__TASK DETAILS__. Look through the lines below and copy each one that includes "manual".

(Source records)
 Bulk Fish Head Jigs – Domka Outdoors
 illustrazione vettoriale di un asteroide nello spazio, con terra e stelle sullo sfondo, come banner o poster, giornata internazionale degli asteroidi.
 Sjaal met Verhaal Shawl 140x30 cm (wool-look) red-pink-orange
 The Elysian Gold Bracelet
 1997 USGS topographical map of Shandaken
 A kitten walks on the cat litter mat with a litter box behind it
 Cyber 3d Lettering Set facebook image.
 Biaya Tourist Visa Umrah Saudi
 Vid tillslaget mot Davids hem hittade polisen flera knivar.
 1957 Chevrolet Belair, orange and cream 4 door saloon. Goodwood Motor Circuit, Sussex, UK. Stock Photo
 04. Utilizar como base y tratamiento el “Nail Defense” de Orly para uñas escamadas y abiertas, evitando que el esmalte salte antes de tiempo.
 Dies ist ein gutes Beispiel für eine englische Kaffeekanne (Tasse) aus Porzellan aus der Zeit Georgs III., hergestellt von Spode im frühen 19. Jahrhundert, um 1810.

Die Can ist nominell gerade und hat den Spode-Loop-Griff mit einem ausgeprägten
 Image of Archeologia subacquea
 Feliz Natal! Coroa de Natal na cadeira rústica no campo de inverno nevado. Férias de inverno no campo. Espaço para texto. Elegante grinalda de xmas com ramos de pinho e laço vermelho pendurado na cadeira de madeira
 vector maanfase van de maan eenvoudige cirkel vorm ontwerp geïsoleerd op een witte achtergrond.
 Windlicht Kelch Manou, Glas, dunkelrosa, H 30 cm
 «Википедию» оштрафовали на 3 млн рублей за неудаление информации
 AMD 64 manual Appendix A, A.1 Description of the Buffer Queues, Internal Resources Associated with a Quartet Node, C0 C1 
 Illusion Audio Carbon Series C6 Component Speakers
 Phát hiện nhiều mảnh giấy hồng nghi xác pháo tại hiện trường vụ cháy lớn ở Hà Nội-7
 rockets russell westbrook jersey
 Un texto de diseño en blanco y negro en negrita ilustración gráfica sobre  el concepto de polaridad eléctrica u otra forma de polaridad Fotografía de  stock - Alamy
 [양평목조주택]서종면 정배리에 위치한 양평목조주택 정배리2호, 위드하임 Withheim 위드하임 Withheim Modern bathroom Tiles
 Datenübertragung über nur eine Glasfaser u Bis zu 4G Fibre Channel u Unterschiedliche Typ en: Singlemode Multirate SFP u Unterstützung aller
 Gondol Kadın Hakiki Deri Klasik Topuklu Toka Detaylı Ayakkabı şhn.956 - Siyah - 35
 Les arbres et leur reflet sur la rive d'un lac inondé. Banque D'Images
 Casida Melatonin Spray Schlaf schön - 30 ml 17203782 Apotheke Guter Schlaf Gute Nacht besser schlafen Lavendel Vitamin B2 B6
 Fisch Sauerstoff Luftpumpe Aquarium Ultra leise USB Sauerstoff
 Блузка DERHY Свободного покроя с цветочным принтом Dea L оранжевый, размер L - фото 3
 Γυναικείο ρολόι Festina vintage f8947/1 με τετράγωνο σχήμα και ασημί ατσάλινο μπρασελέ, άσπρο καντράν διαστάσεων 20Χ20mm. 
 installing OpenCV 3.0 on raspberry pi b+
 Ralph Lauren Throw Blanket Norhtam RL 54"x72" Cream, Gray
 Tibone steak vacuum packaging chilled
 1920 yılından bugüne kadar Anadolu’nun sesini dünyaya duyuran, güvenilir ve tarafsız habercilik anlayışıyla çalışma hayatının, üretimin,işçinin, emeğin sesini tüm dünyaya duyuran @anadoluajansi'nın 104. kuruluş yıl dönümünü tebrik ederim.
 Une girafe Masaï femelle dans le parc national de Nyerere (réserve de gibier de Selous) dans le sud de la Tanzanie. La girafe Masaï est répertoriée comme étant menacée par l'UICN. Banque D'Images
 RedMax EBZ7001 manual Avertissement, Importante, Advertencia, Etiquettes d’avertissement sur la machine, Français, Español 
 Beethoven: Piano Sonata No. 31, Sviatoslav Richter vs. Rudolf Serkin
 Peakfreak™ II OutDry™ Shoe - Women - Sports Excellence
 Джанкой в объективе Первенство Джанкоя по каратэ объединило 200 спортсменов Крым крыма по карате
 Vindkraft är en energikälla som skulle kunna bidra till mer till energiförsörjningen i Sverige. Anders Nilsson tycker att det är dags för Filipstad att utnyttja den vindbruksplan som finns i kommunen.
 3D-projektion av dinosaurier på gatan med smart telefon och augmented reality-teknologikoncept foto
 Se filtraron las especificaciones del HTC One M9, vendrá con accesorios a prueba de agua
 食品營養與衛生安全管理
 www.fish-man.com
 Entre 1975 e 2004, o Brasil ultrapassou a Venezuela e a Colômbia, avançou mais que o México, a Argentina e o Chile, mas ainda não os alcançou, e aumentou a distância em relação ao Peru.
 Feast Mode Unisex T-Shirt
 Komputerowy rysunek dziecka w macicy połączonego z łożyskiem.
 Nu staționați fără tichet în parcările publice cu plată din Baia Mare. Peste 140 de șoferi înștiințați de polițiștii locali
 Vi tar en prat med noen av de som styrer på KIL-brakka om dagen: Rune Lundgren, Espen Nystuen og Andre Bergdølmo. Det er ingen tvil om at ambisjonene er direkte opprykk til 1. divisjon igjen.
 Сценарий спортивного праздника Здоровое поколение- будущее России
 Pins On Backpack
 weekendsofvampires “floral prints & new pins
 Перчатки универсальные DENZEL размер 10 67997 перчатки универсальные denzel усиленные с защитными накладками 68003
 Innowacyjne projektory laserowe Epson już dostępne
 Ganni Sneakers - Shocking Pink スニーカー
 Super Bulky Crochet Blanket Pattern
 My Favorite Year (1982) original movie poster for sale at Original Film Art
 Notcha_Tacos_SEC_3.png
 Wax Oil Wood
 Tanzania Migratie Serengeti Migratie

__RESPONSE TO THIS TASK__.
 AMD 64 manual Appendix A, A.1 Description of the Buffer Queues, Internal Resources Associated with a Quartet Node, C0 C1 
 RedMax EBZ7001 manual Avertissement, Importante, Advertencia, Etiquettes d’avertissement sur la machine, Français, Español 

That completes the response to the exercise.